Un pareil renforcement des capacités se vérifie encore pour l'assistance en biens non alimentaires aux personnes retournées. A l'heure l'actuelle, ni les stocks ni les partenaires ne sont suffisants pour gérer l'ensemble de la situation.

Les affrontements ont également affecté le système éducatif. Les infrastructures ont pour la plupart été détruites, alors que le personnel enseignant a fui. Ce problème se pose avec d'autant plus d'acuité que la non prise en charge des enfants associés aux groupes armés et qui ont été démobilisés pourrait conduire à leur ré-enrôlement dans ces groupes.

La capacité humanitaire ne permet donc pas aujourd'hui de couvrir tous les besoins dans leurs domaines d'intervention. D'autres secteurs parmi lesquels celui des « violences sexuelles » ne sont quasiment pas couverts par les organisations d'assistance en dépit de leur importance.

Dans ce contexte humanitaire inquiétant, l'amélioration de la situation sécuritaire enregistrée ces dernières semaines devrait toutefois faciliter un déploiement de l'assistance bien que des poches d'insécurité subsistent. La démobilisation, entre autre, de près de 4900 Mayï Mayï, en marge du programme national de DDR (PNDDR), a participé à cette amélioration, a avancé le chef de bureau de la MONUC à Kindu, Marie France Helière. Le commandant de la 7ème région militaire, le général Widi a par ailleurs garanti à la mission conjointe, un accès sécurisé des humanitaires dans leurs zones d'intervention.
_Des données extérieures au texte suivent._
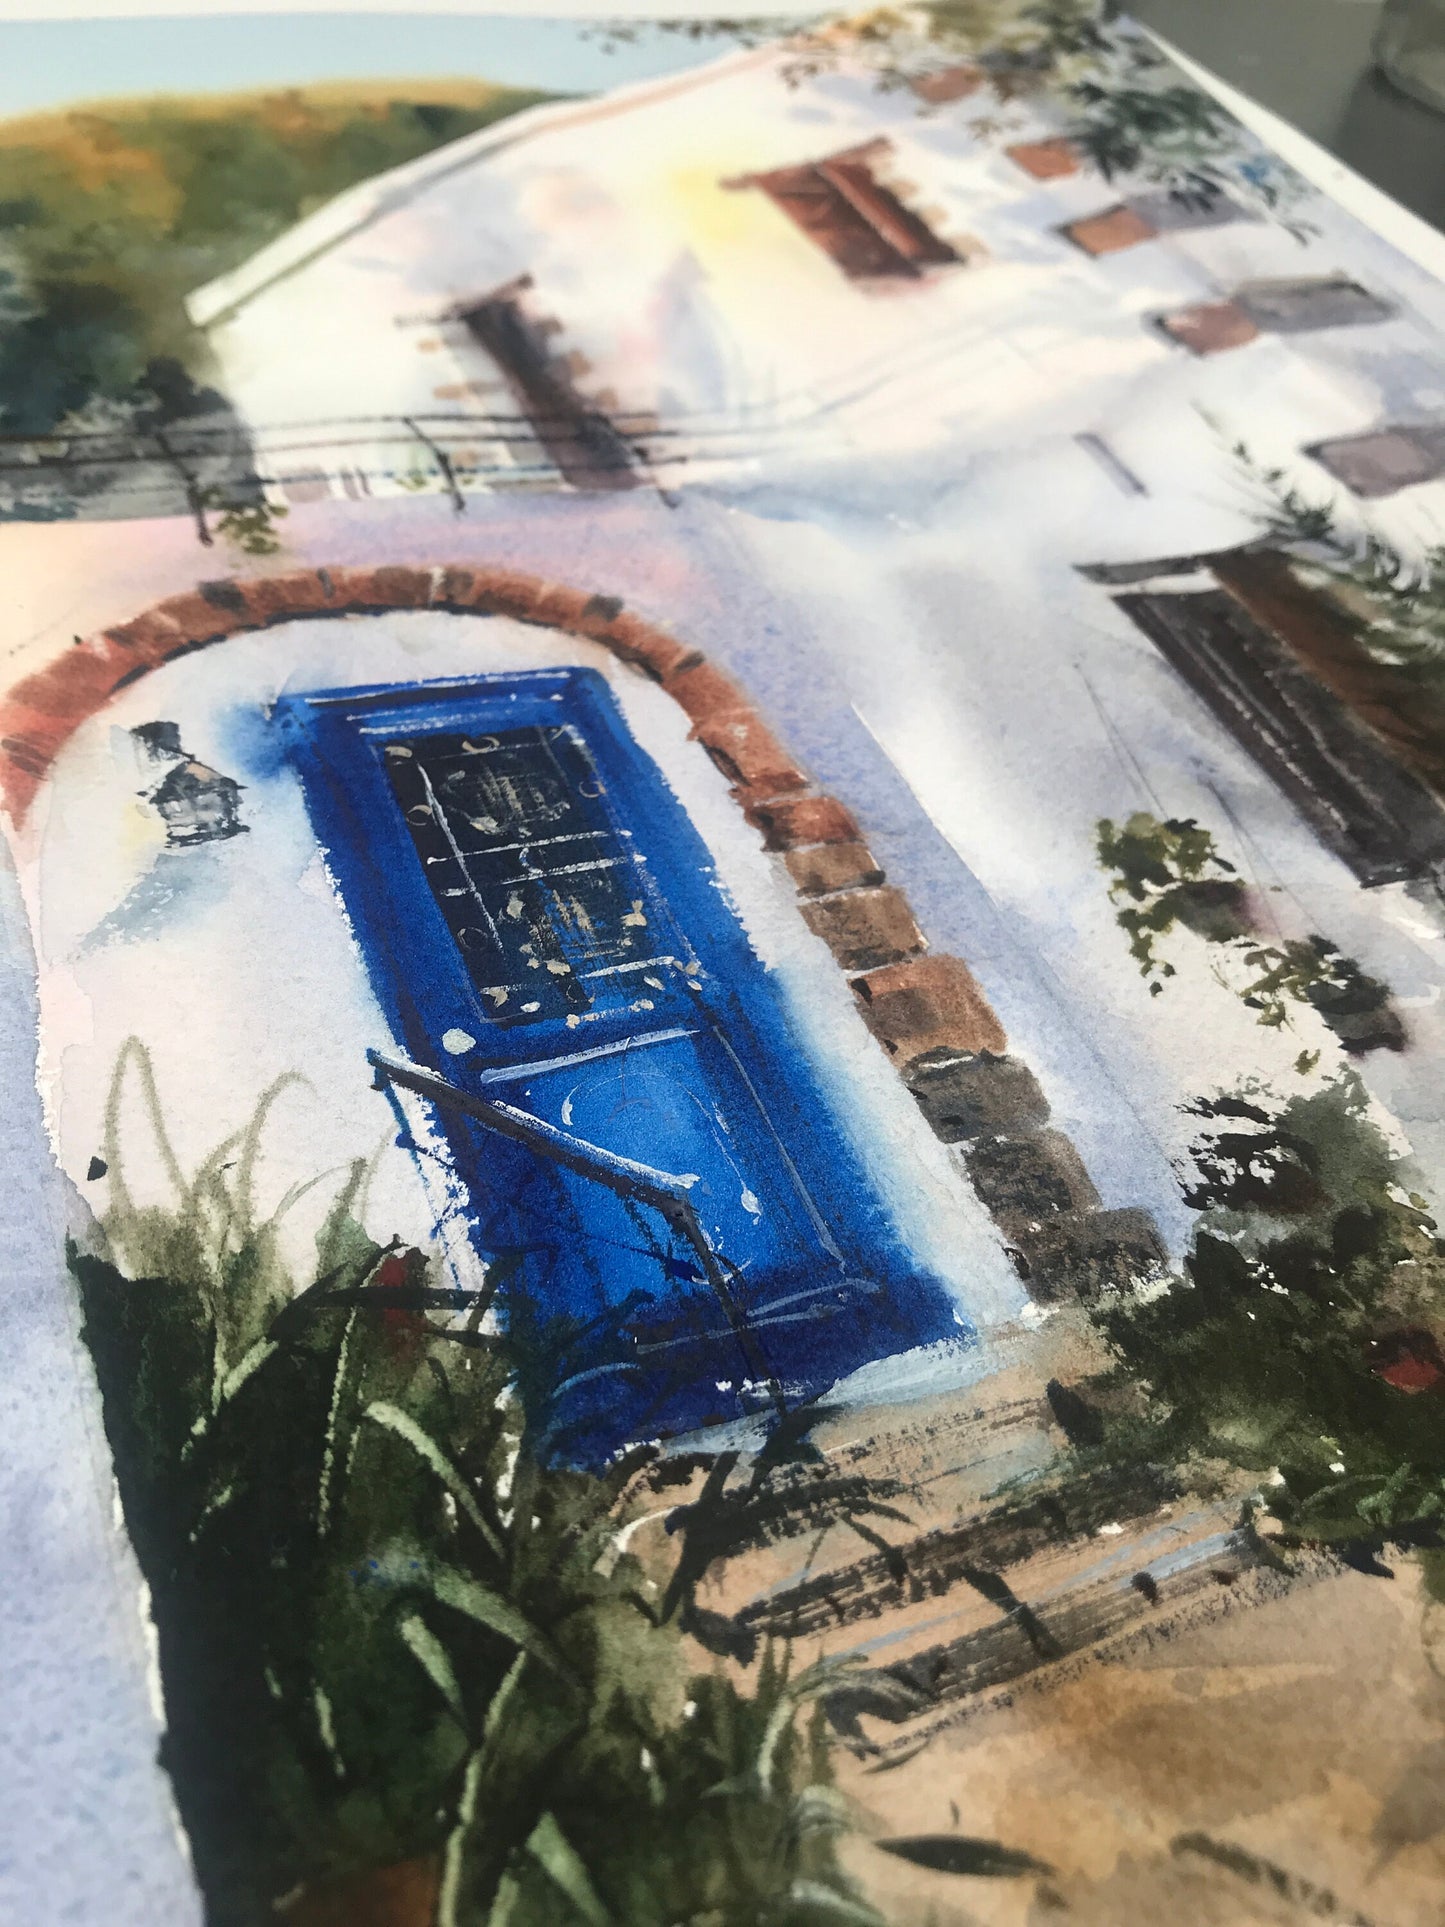 Greek Coastal City Painting Original, Sunset Watercolor Artwork, Greece Coast Village, Blue Door Wall Art, Travel Gift

Pour le gouverneur enfin, des zones réputées non sûres comme celles de Kabambare, Soleniama ou Kalima sont « ouvertes ».

Pourtant des tracasseries militaires à l'encontre des humanitaires sont rapportées toutes les semaines par la MONUC, selon le chef de la Mission onusienne et les organisations humanitaires. Des mesures par les autorités provinciales ont toutefois été prises afin de neutraliser ces pratiques.

Recommandations

1. Etablir une carte des axes prioritaires en associant la communauté humanitaire et la MONUC. Les voies de dessertes agricoles devront faire l'objet d'une attention particulière compte tenu de leur rôle dans le cadre de la relance économique locale. Soutenir la réhabilitation rapide des barges entre Kindu et Ubundu.
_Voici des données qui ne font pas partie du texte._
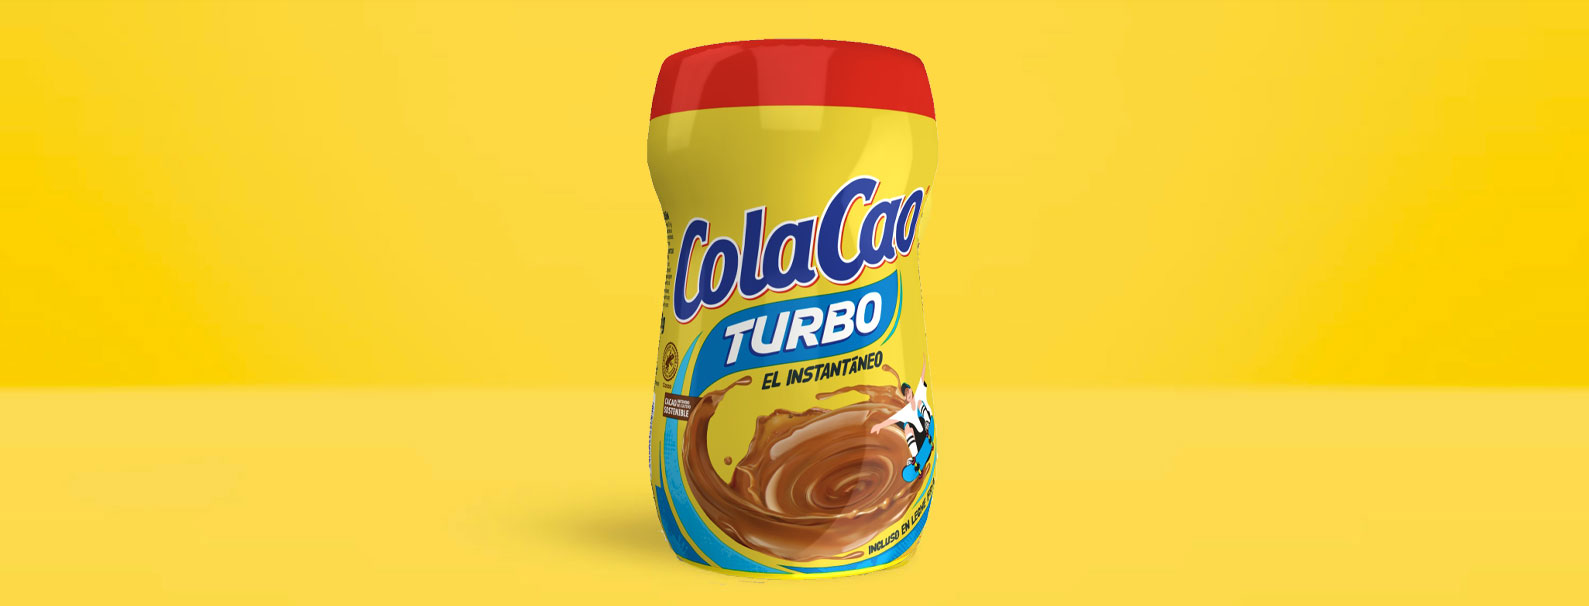 ColaCao turbo

2. Plaider auprès de la communauté internationale pour une augmentation des moyens financiers humanitaires et un renforcement de la présence des partenaires dans cette province.

3. Ouvrir une antenne humanitaire à Lubutu de manière à inciter des organismes à intervenir spécifiquement dans cette région et entretenir des contacts plus étroits avec les autorités militaires qui dépendent officiellement de la 7ème RM.

4. Engager un plaidoyer actif auprès des autorités militaires locales et nationales sur le respect des principes humanitaires dans le but de faciliter l'action des partenaires

5. Etablir les besoins prioritaires dans les domaines actuellement peu couverts ou ceux qui ne le sont pas de manière à apporter une réponse rapide aux plus vulnérables. Un plan d'action humanitaire serait un moyen d'y parvenir.